The change was passed by the lower house of parliament on Tuesday.

The package of measures comes as Moscow seeks to boost troop numbers to defend territory gained in its invasion of Ukraine last year.

A senior Russian MP said the new law was written with a major conflict in mind.

“It already smells like a big war,” Andrei Kartapolov, head of the Russian parliament’s defence committee, told MPs.

He argued that too many people were currently able to avoid military service.

All men of conscription age are expected to serve a year of compulsory military service.

Russia is thought to have sustained heavy casualties in nearly a year-and-a-half of fighting, but the Defence Ministry is reluctant to release figures.

Last autumn, the government announced a mobilisation of 300,000 reservists, but as a result, tens of thousands of men left Russia.

In a separate measure last week, the maximum age at which reservists can be called up was raised, meaning some men will now be considered available for military service until they are 55.

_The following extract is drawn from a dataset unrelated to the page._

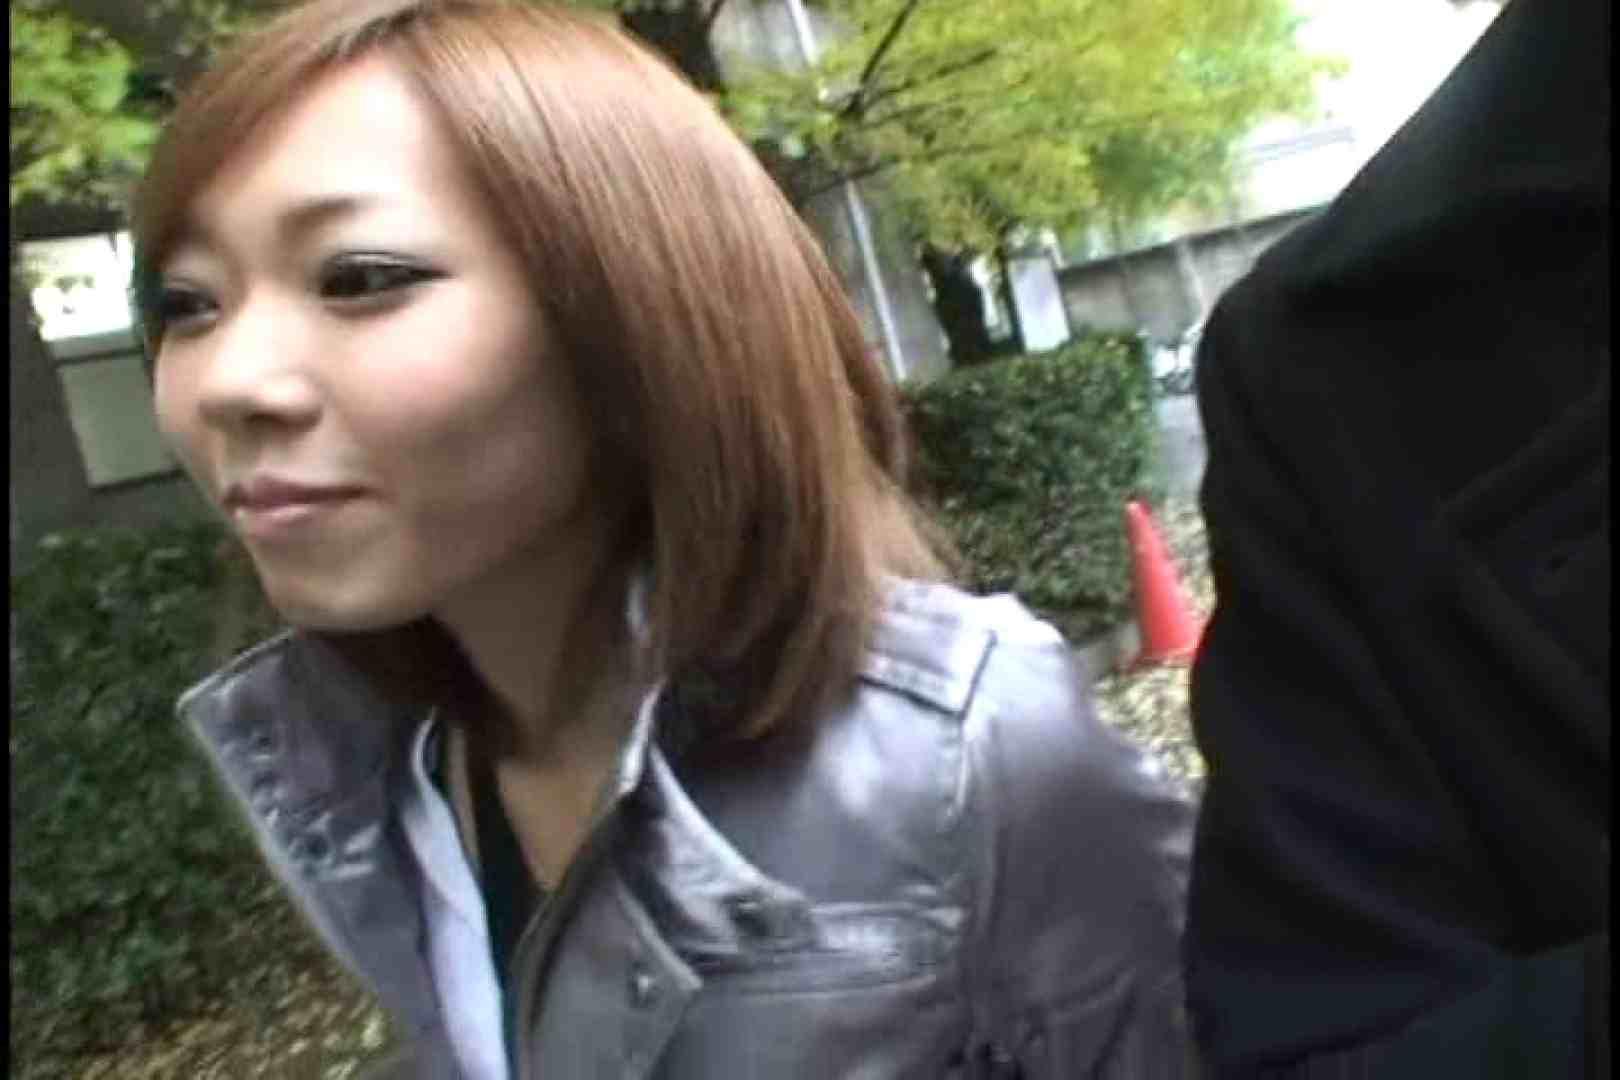 JDハンター全国ツアー vol.036 前編 女子大生のエロ動画  85PIX 14

The State Duma passed the conscription bill in its second and third readings. It still needs to be approved by the upper house and by President Vladimir Putin, but this is seen as a formality.

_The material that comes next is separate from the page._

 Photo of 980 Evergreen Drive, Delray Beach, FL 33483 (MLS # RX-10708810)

Once signed, it is due to come into force on 1 January next year.

The latest measures go further than the Defence Ministry’s original proposal, which sought to change the conscription age range from 18-27 to 21-30. The lower age limit will continue to be 18.

“The wording of the draft law changed because the demographic situation is serious and affects the volume of the mobilisation resource,” Mr Kartapolov told Russian media.

He added that “many lads want to go and serve at 18”.

The draft law also bans men from leaving the country from the day of their call-up. Since April, conscription papers can be issued online instead of in person.

In addition, men who fail to report for conscription will be liable for fines of up to 30,000 roubles ($332), a tenfold increase.